**What is required:**
Could you repeat, word for word, only the lines from the one containing "KORRES WILD ROSE" through the final line of the records below?

**Records to use:**
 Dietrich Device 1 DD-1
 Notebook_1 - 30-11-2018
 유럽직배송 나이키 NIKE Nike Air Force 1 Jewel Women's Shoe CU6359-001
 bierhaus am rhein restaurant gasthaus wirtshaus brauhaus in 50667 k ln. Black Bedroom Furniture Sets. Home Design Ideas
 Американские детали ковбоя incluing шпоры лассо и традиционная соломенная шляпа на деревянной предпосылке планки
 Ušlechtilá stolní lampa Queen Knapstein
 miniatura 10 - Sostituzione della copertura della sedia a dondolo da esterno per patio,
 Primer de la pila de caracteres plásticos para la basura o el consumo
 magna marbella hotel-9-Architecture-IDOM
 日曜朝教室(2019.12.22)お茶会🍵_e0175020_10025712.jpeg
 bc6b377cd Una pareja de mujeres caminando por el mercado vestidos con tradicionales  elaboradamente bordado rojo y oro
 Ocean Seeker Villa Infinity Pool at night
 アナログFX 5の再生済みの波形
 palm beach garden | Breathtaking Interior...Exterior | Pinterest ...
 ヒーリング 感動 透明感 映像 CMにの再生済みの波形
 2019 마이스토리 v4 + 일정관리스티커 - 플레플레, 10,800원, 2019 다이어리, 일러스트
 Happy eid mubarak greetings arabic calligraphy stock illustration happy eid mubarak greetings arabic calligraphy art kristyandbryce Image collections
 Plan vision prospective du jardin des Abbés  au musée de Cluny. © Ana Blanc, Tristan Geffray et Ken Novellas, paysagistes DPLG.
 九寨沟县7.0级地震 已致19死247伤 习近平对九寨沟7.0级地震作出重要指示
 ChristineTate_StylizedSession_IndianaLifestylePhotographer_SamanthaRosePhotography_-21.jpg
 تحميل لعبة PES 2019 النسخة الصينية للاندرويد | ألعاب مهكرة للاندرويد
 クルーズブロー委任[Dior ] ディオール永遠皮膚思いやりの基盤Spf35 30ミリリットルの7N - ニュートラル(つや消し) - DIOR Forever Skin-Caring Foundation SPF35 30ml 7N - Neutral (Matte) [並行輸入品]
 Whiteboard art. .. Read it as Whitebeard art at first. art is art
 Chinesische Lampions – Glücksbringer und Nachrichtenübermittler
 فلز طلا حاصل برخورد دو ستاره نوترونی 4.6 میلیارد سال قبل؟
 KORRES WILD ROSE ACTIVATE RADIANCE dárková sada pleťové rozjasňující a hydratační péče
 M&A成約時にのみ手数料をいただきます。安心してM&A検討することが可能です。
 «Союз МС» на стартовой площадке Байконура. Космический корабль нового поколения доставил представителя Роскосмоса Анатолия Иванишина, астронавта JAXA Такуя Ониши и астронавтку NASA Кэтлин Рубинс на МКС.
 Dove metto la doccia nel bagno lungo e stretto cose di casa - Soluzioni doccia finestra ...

**Expected answer:**
 KORRES WILD ROSE ACTIVATE RADIANCE dárková sada pleťové rozjasňující a hydratační péče
 M&A成約時にのみ手数料をいただきます。安心してM&A検討することが可能です。
 «Союз МС» на стартовой площадке Байконура. Космический корабль нового поколения доставил представителя Роскосмоса Анатолия Иванишина, астронавта JAXA Такуя Ониши и астронавтку NASA Кэтлин Рубинс на МКС.
 Dove metto la doccia nel bagno lungo e stretto cose di casa - Soluzioni doccia finestra ...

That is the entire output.